GIVEN INFORMATION
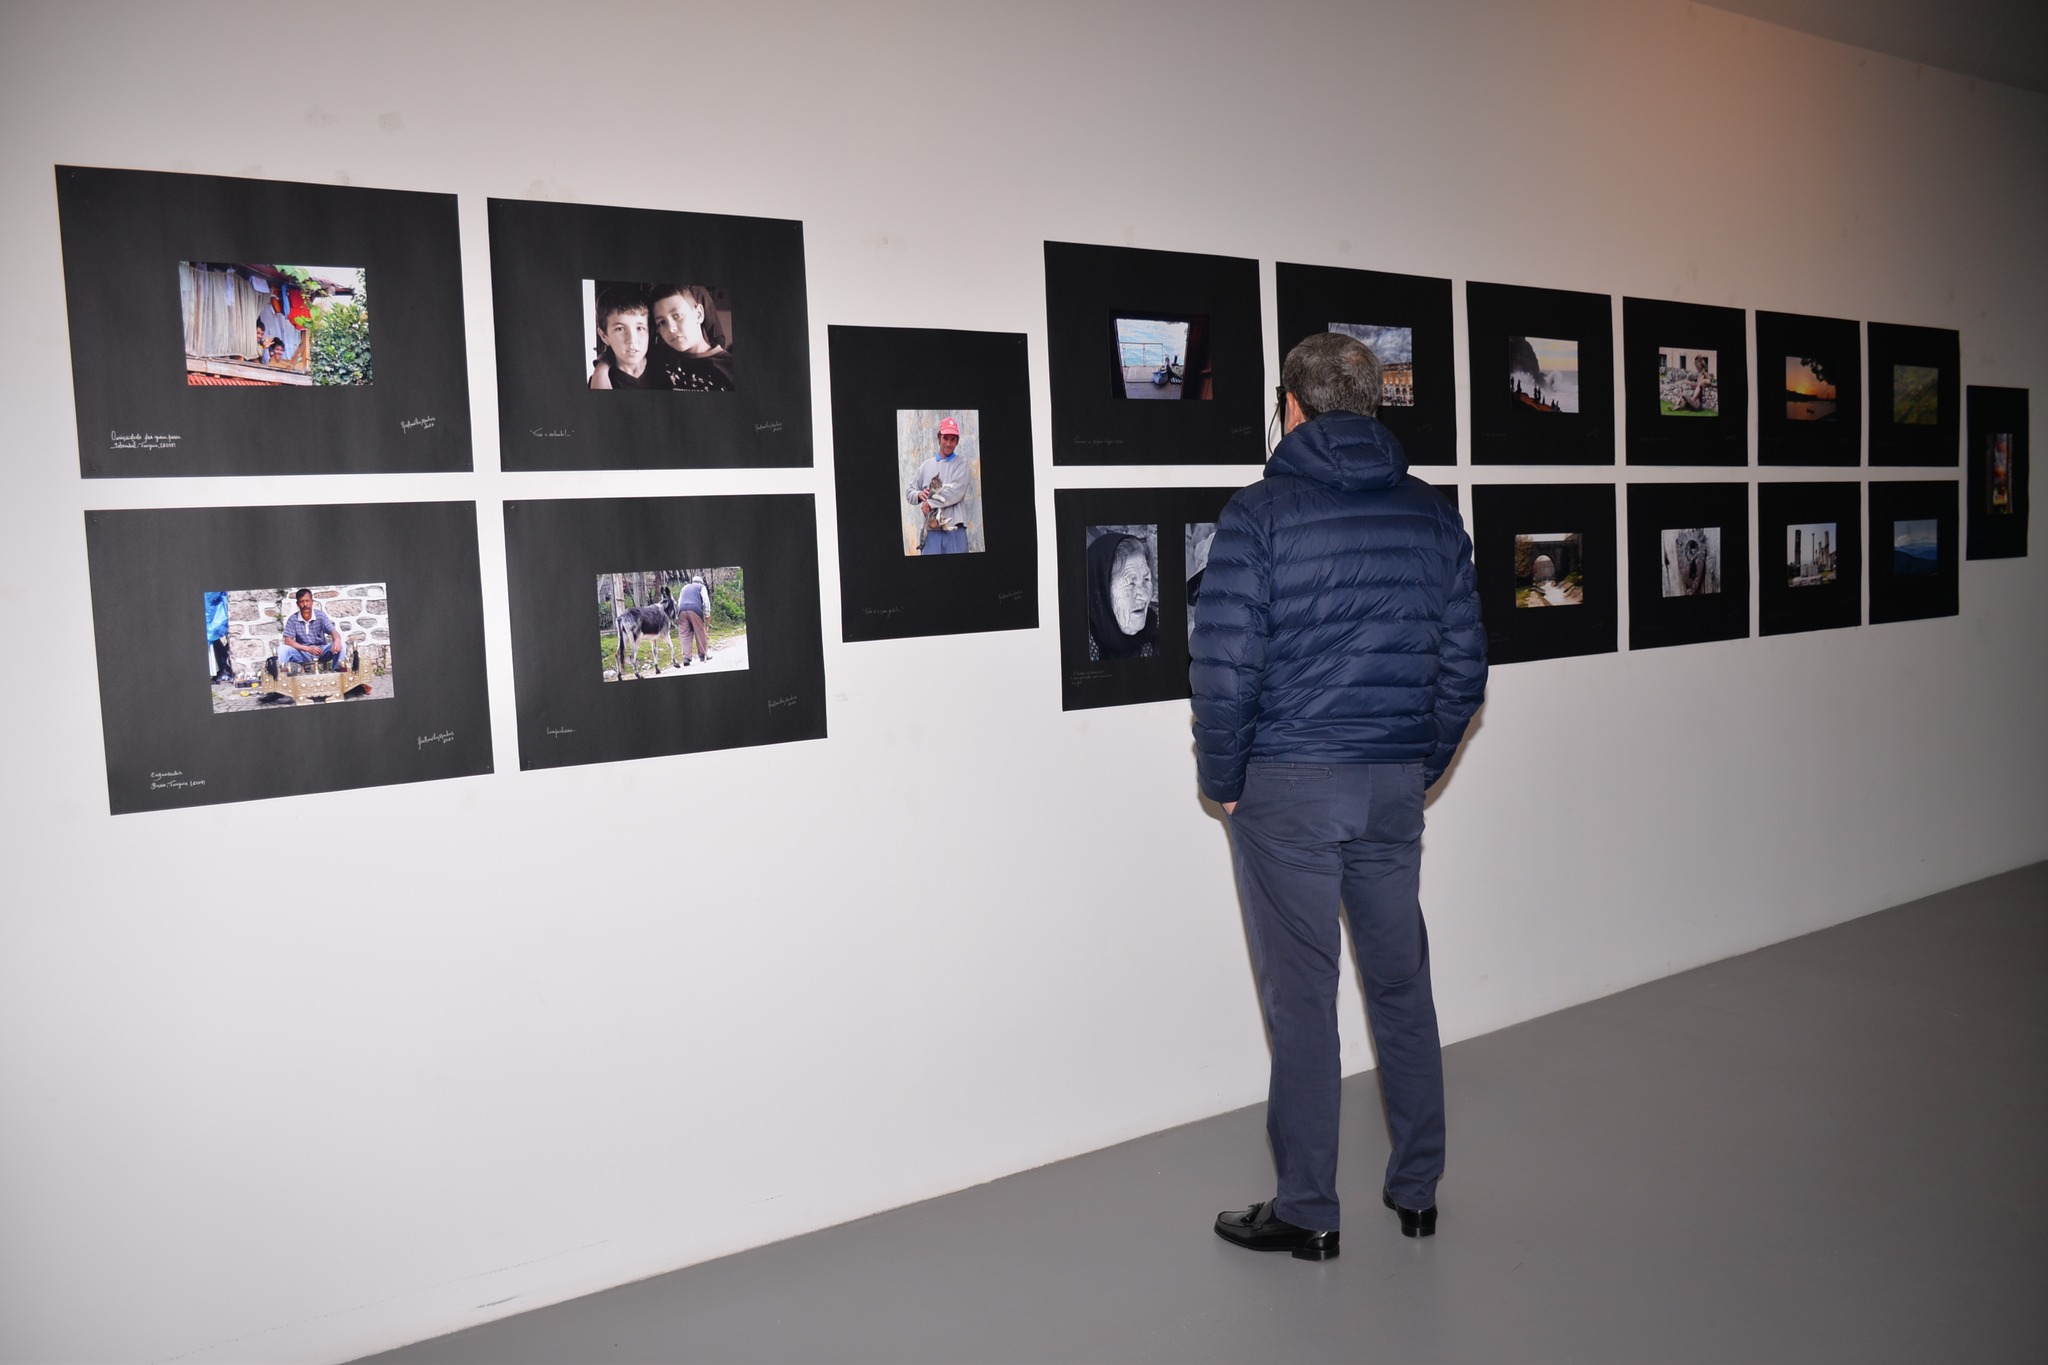 Exposição Fotográfica “Percepções” inaugurada em Ponte de Sor
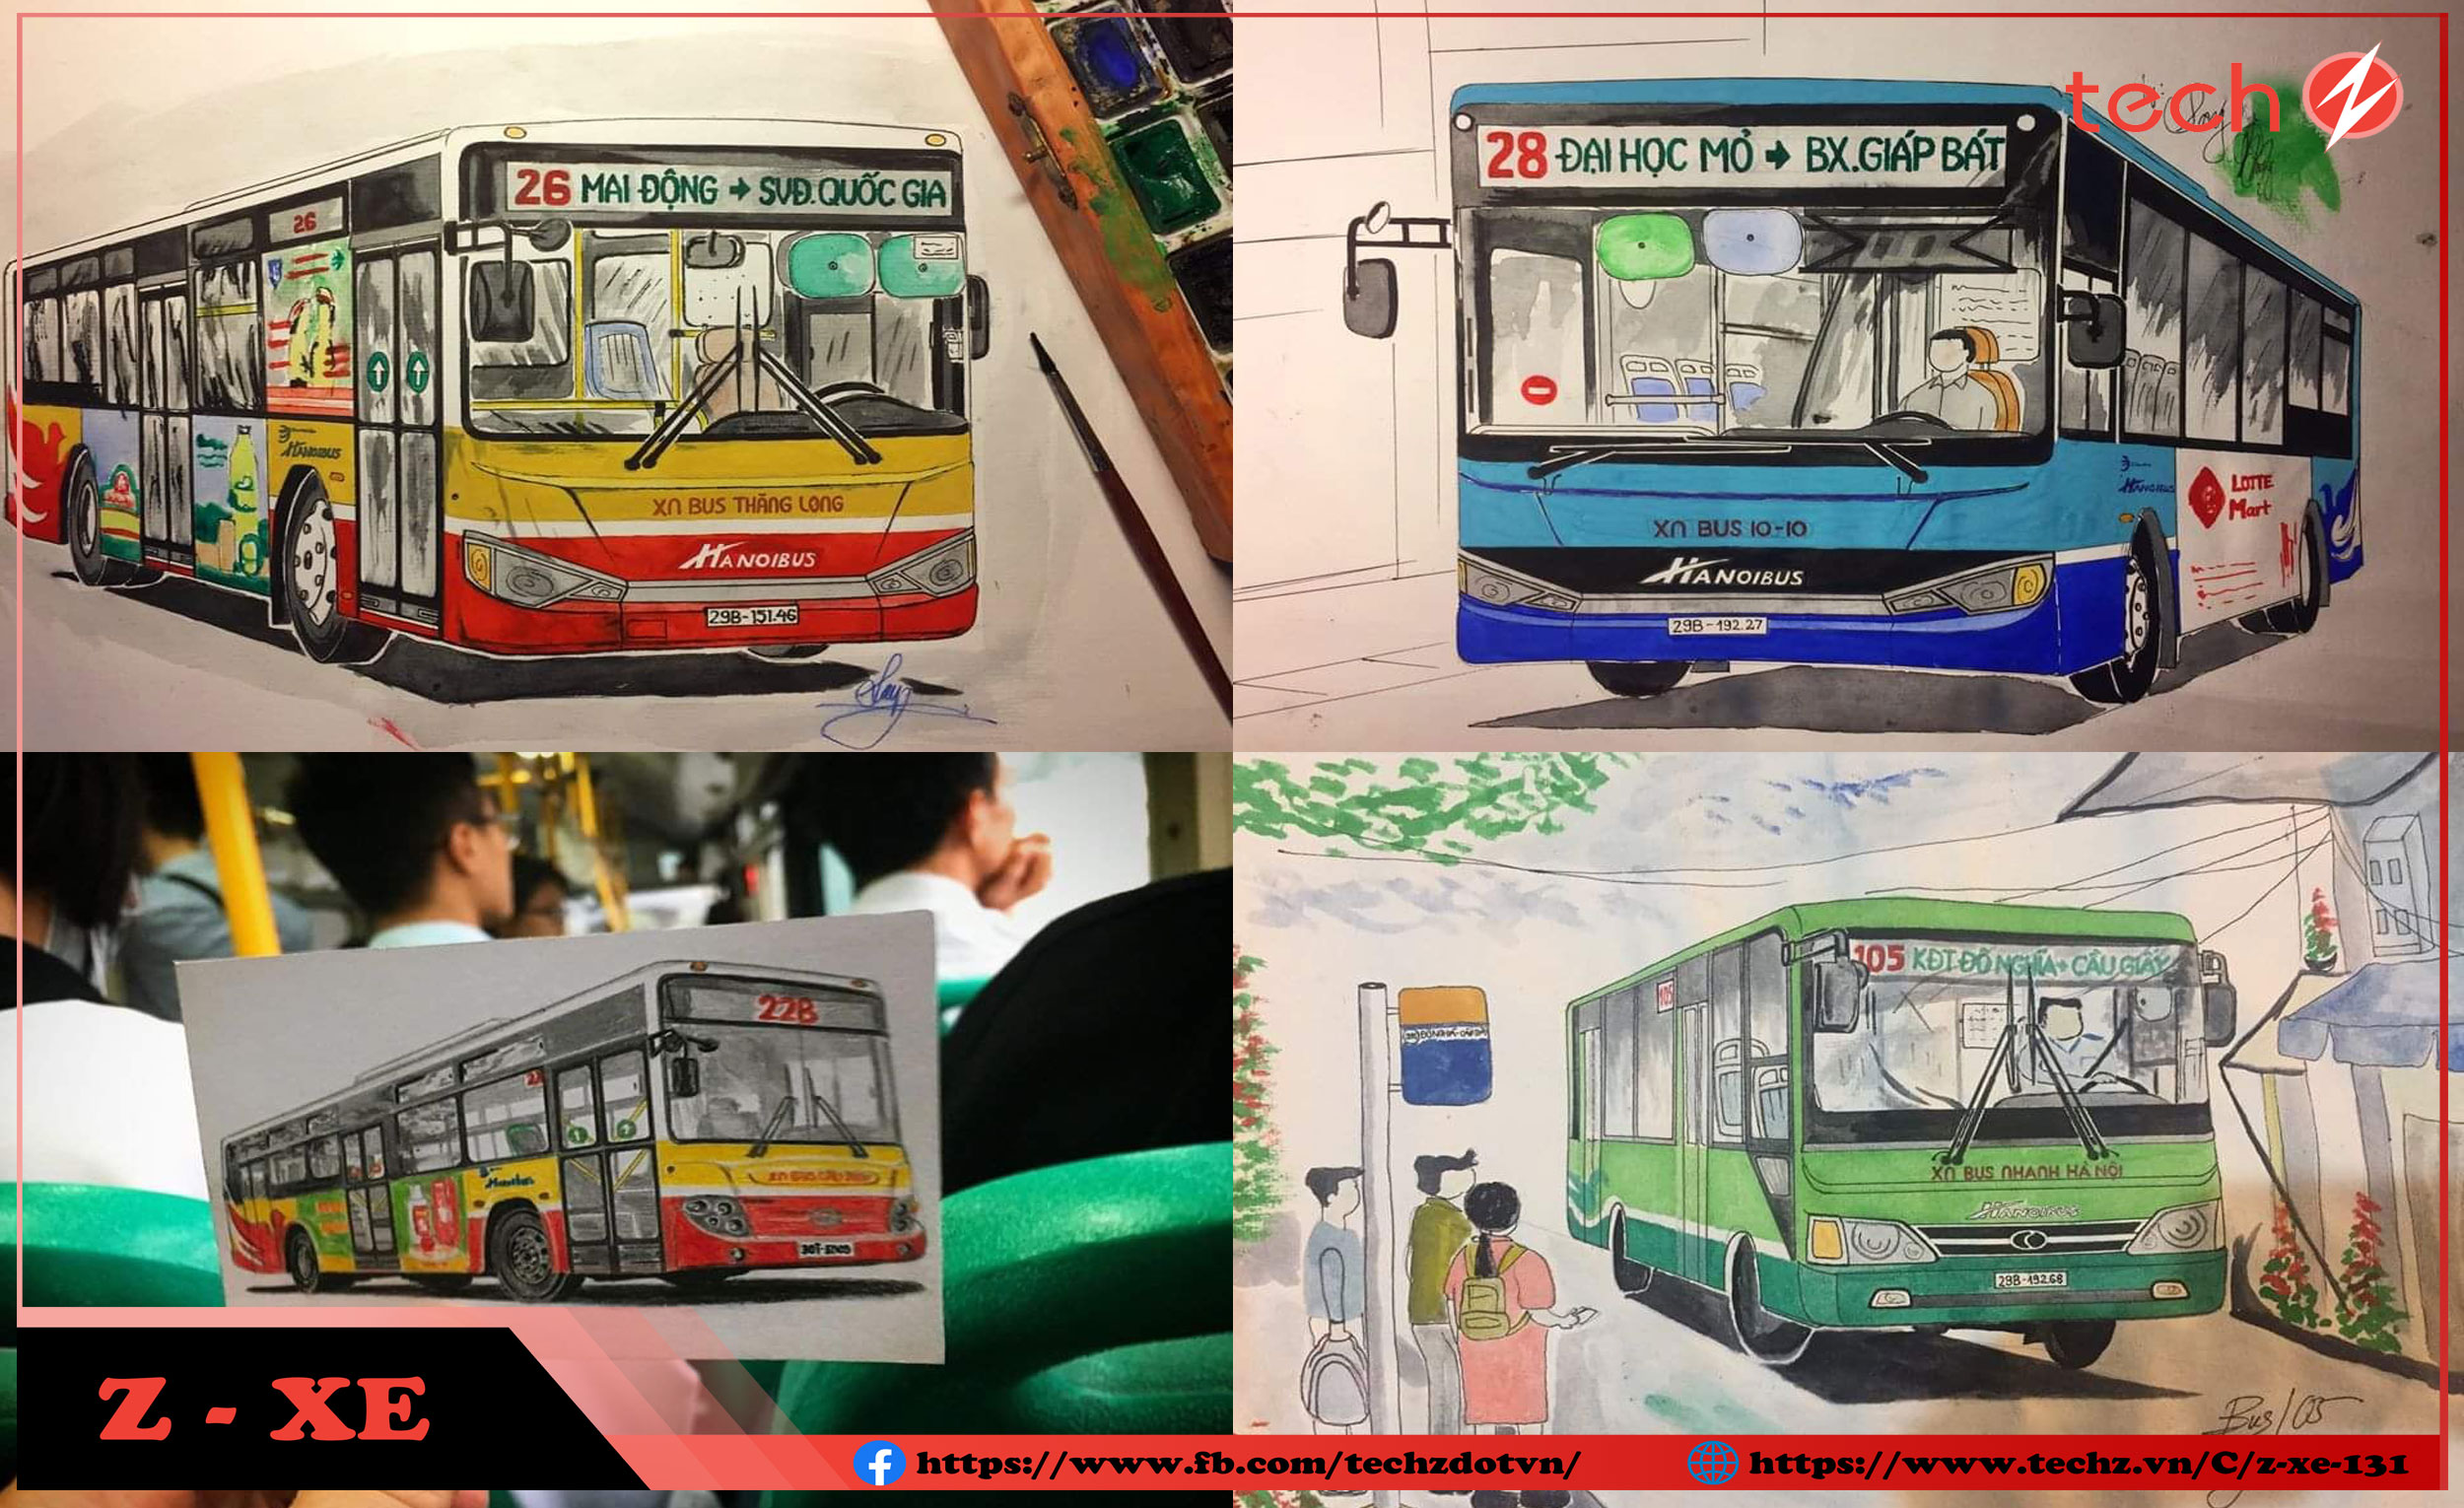 Hãy tưởng tượng mình đang trên một chuyến đi bằng xe bus đến những nơi xa xôi. Những bức tranh vẽ xe bus đầy màu sắc và sinh động sẽ giúp bạn trải nghiệm cảm giác tuyệt vời đó mà không phải bước chân tới đâu xa.
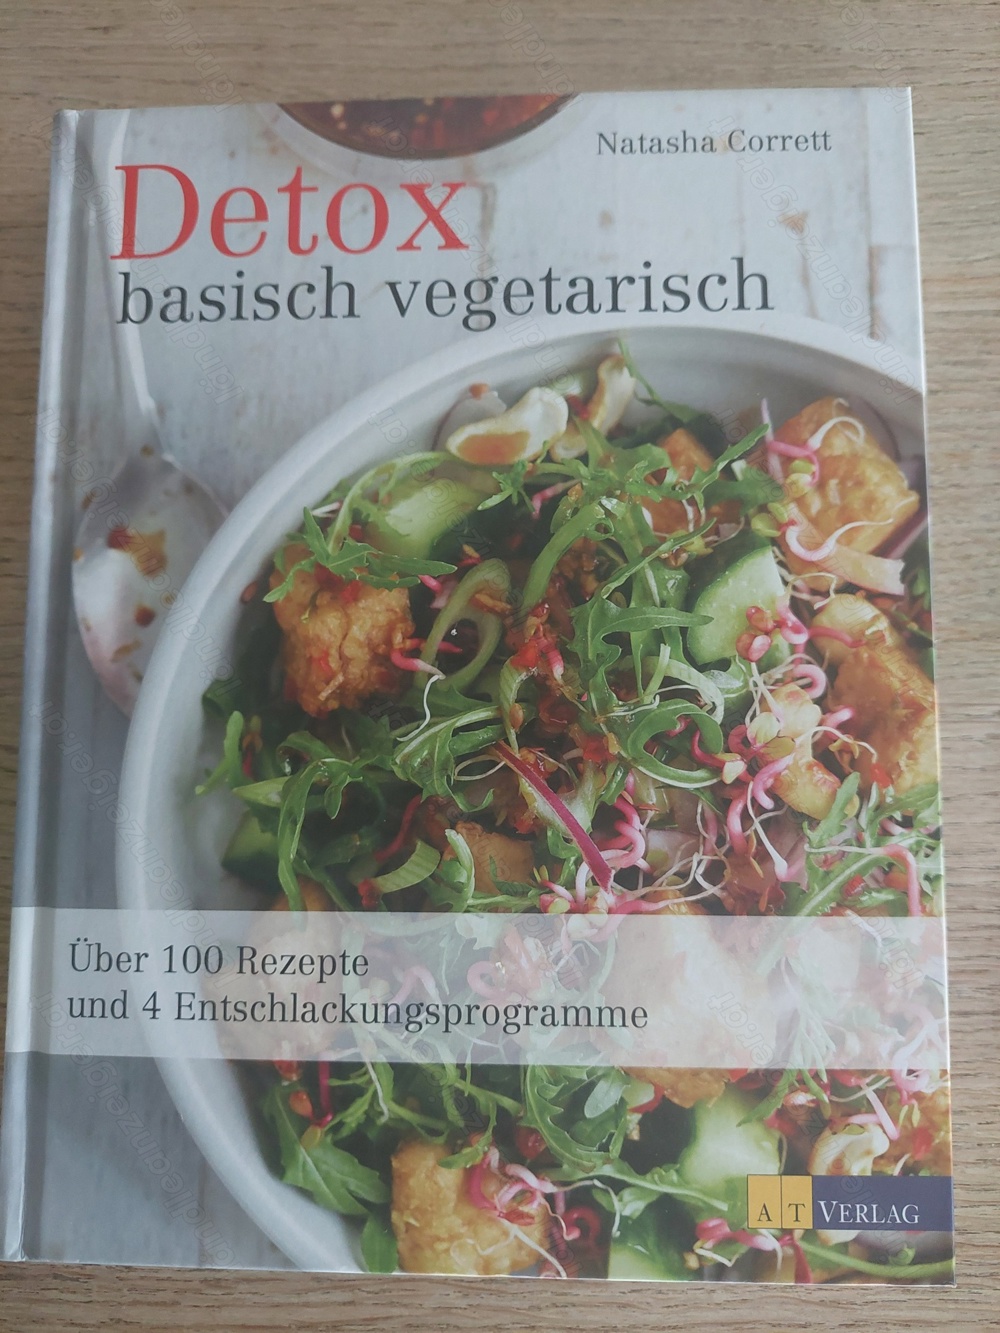 Detox basisch vegetarisch von Natasha Corrett

YOUR TASK
Apart from the images, every line above needs to be printed again exactly.

RESPONSE AREA
 Exposição Fotográfica “Percepções” inaugurada em Ponte de Sor
 Hãy tưởng tượng mình đang trên một chuyến đi bằng xe bus đến những nơi xa xôi. Những bức tranh vẽ xe bus đầy màu sắc và sinh động sẽ giúp bạn trải nghiệm cảm giác tuyệt vời đó mà không phải bước chân tới đâu xa.
 Detox basisch vegetarisch von Natasha Corrett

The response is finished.